_Available data:_
┄┄┄┄┄┄┄┄┄┄┄┄┄┄┄┄┄┄┄┄

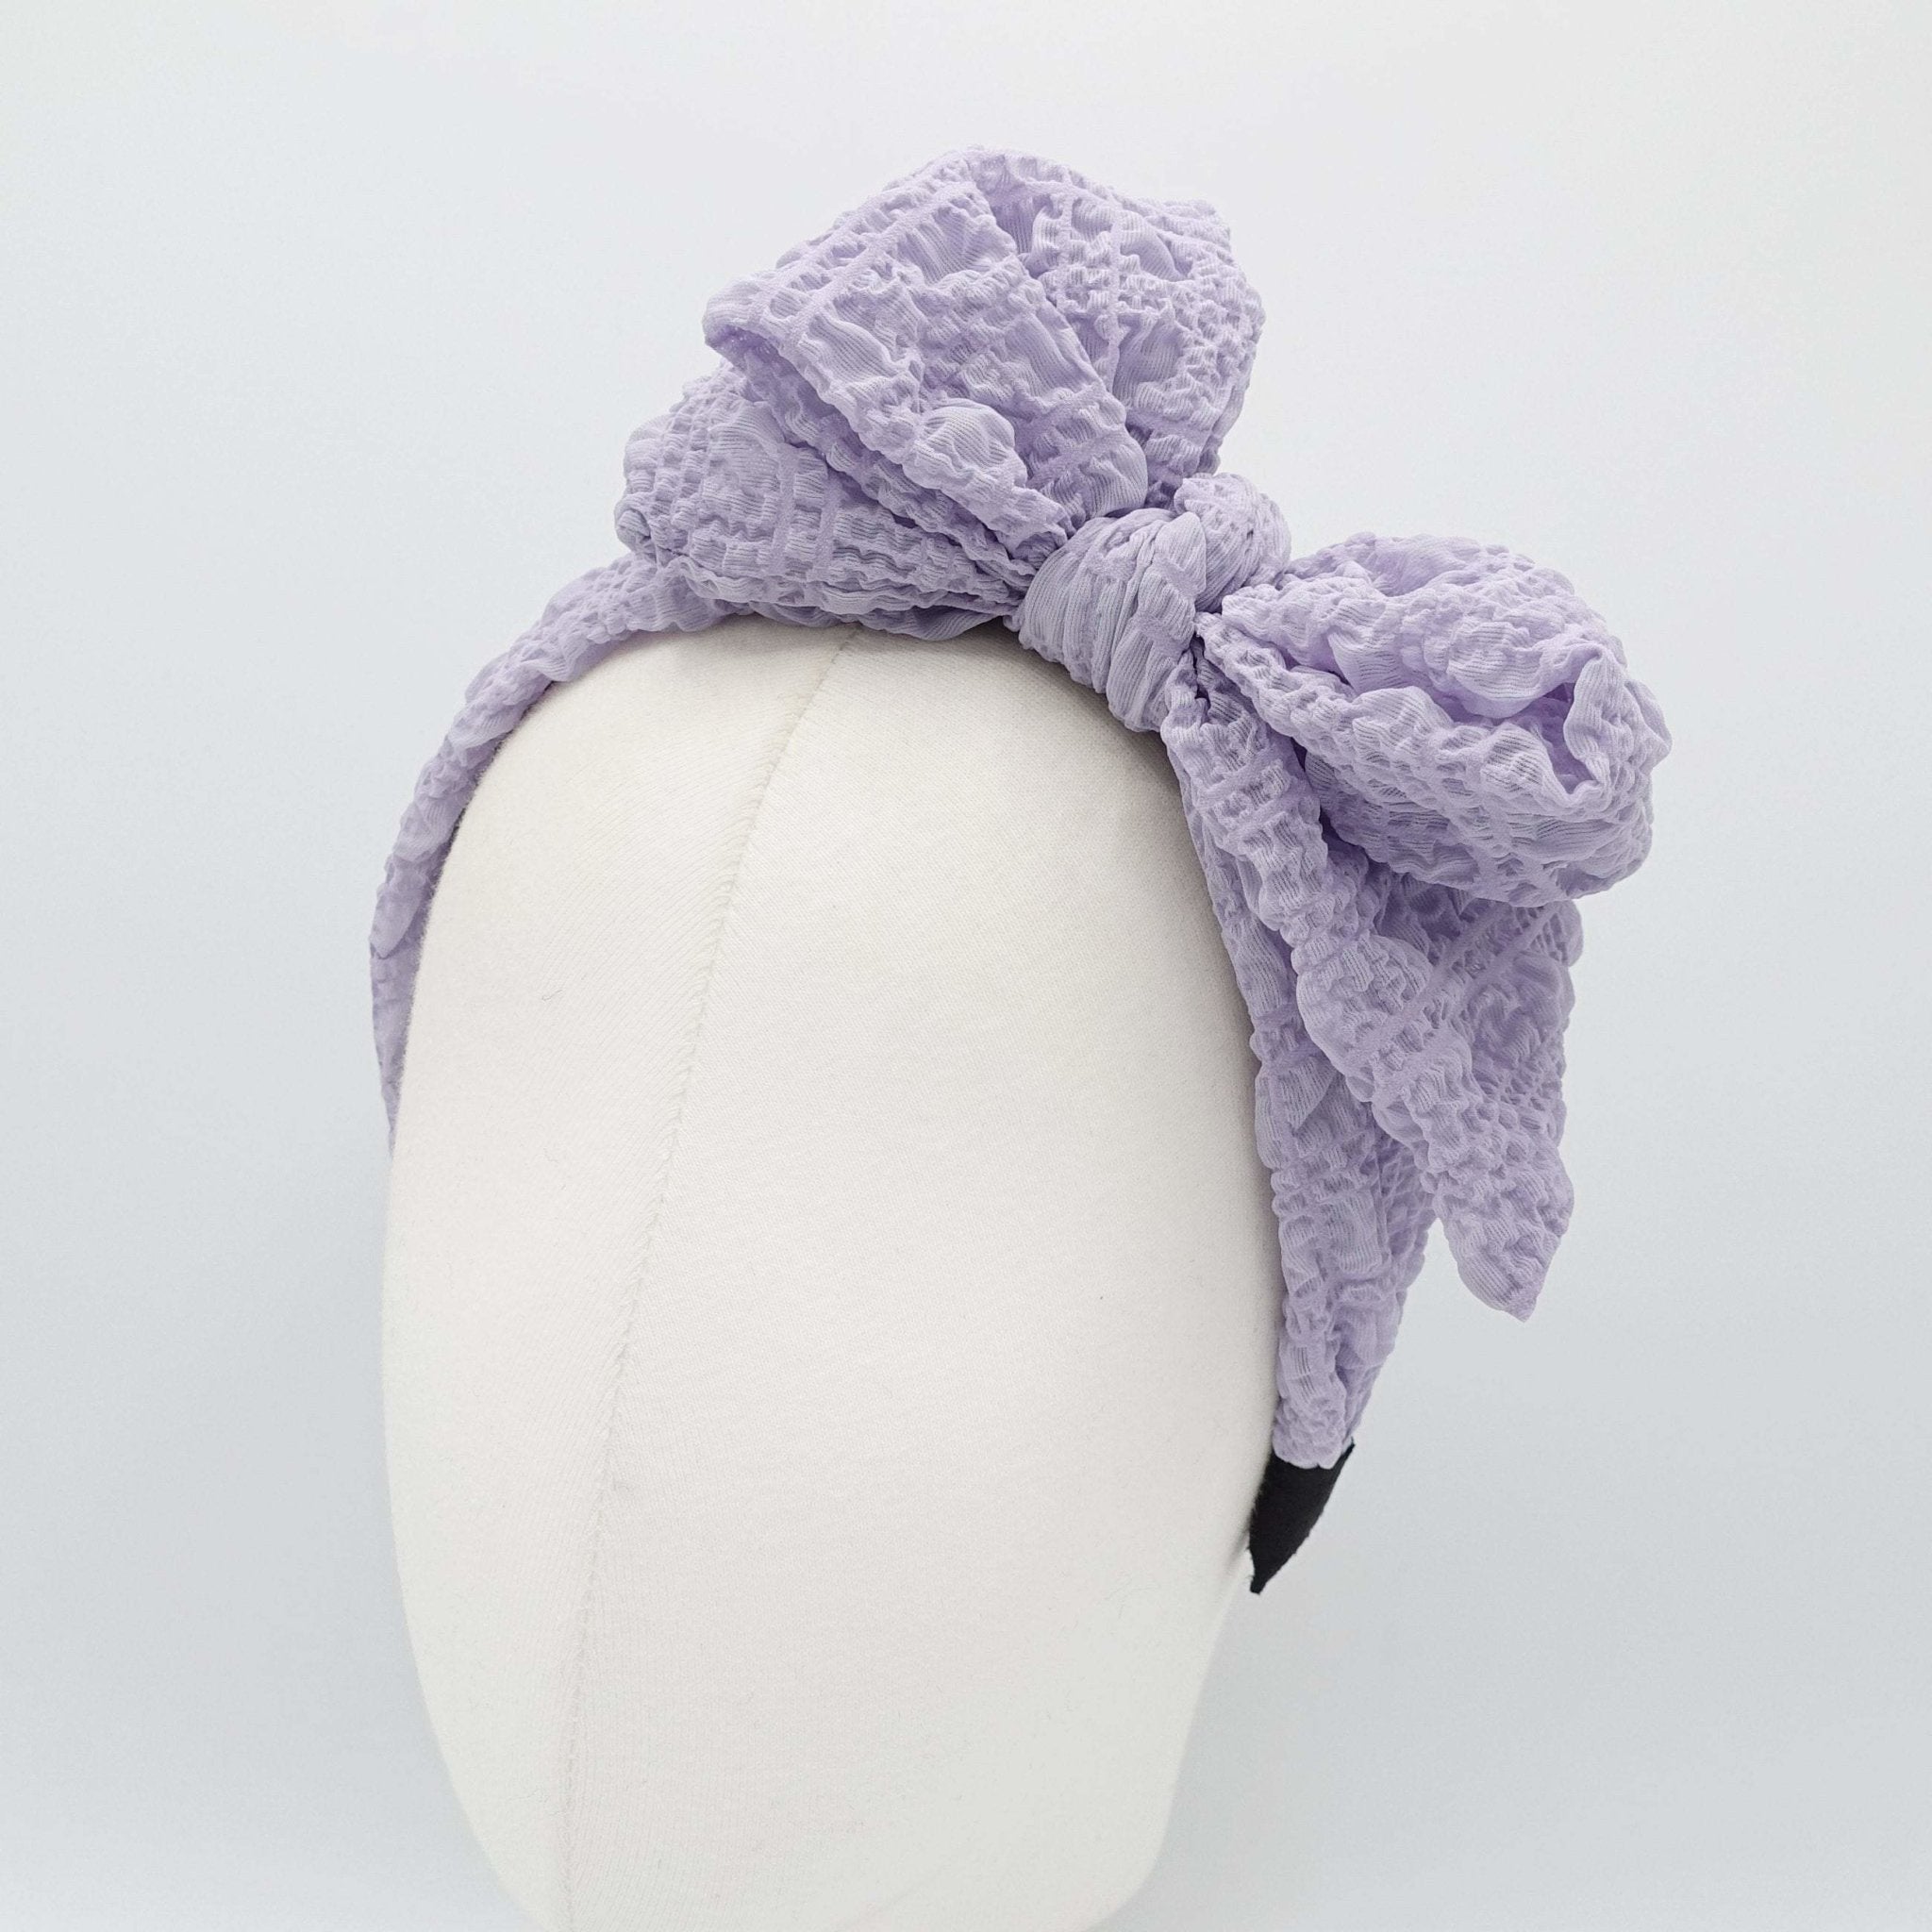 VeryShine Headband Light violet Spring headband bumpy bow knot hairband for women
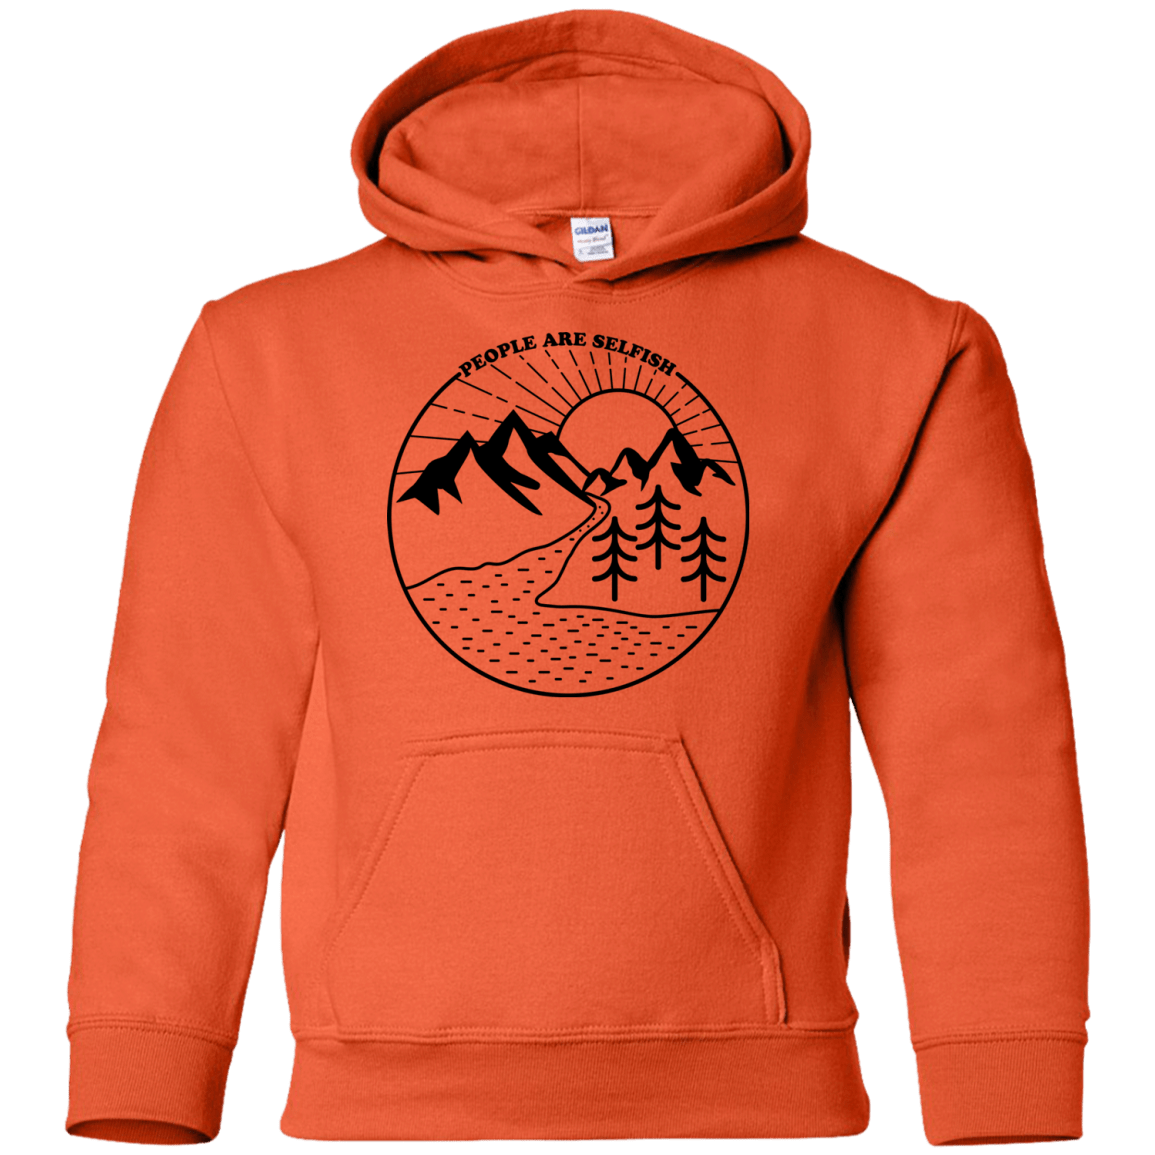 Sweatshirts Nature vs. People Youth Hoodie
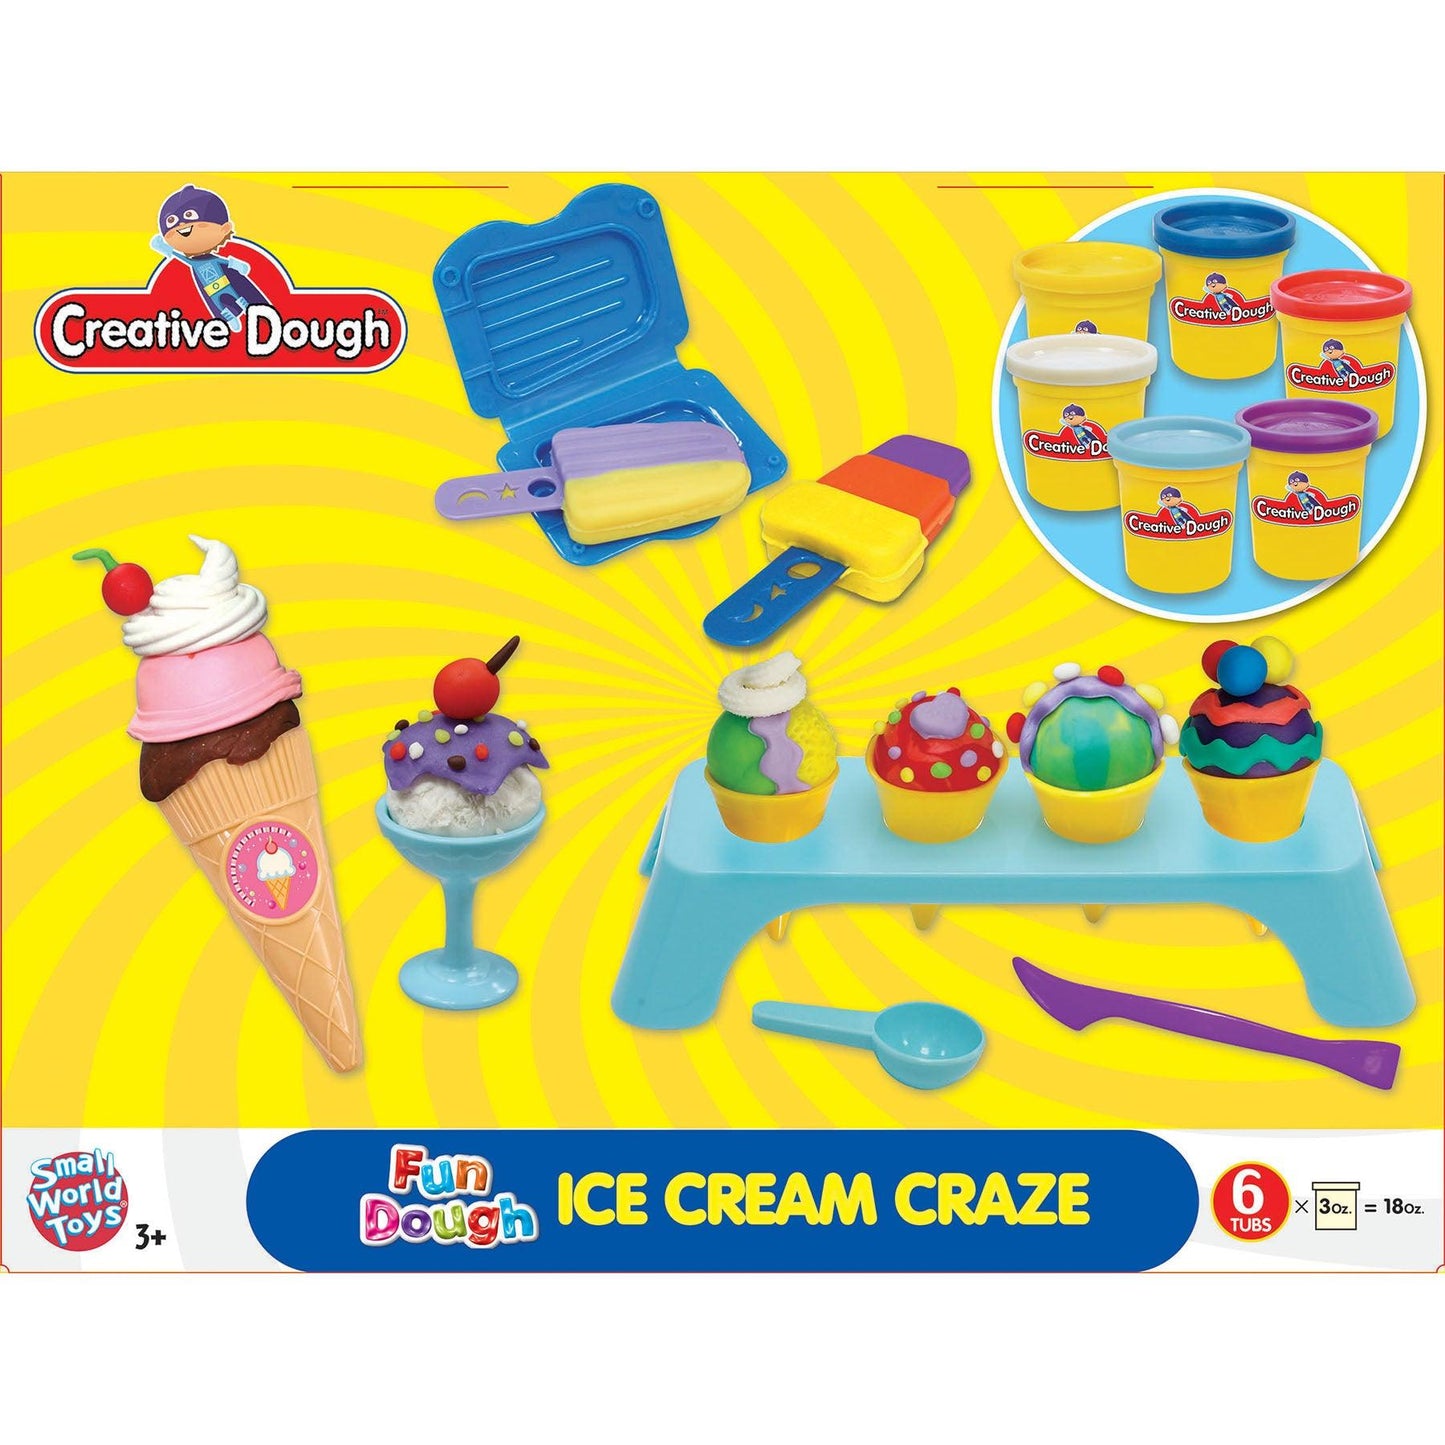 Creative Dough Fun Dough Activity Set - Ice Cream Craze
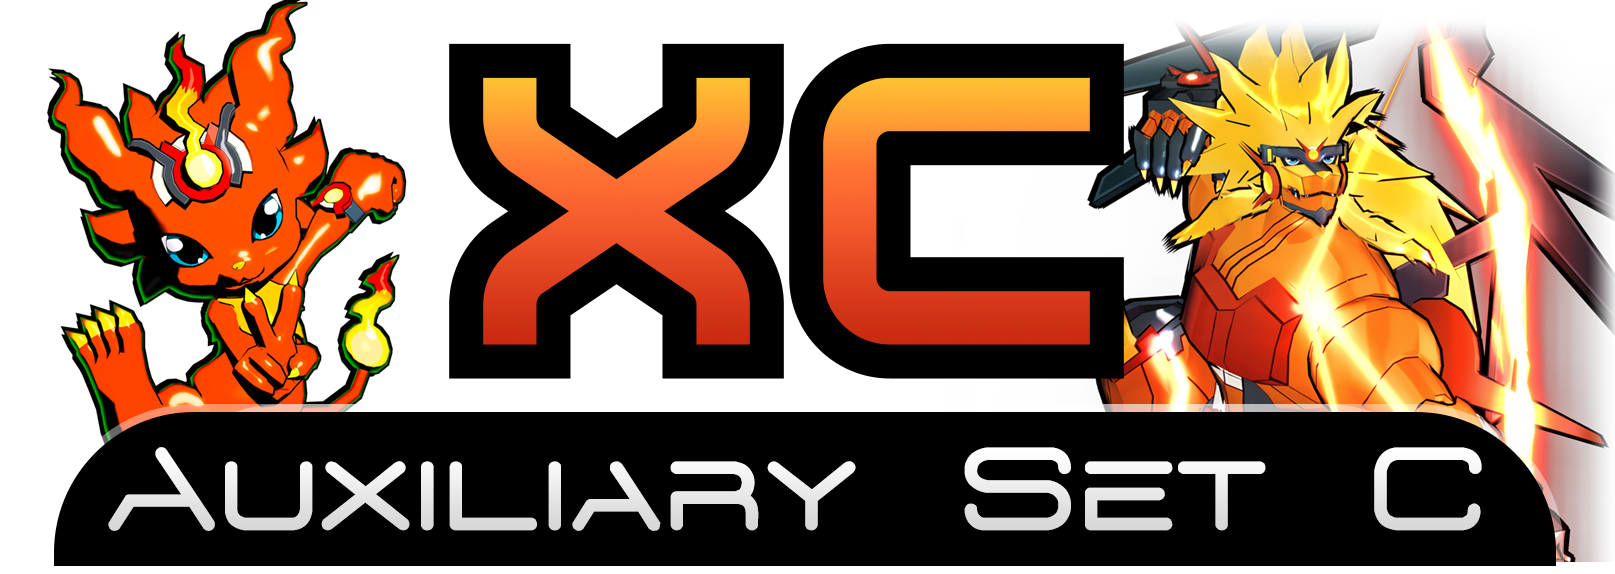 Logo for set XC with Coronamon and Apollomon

┄┄┄┄┄┄┄┄┄┄┄┄┄┄┄┄┄┄┄┄

_Exercise details:_
Write out every line above exactly, minus images.

_Solved problem:_
 VeryShine Headband Light violet Spring headband bumpy bow knot hairband for women
 Sweatshirts Nature vs. People Youth Hoodie
 Creative Dough Fun Dough Activity Set - Ice Cream Craze
 Logo for set XC with Coronamon and Apollomon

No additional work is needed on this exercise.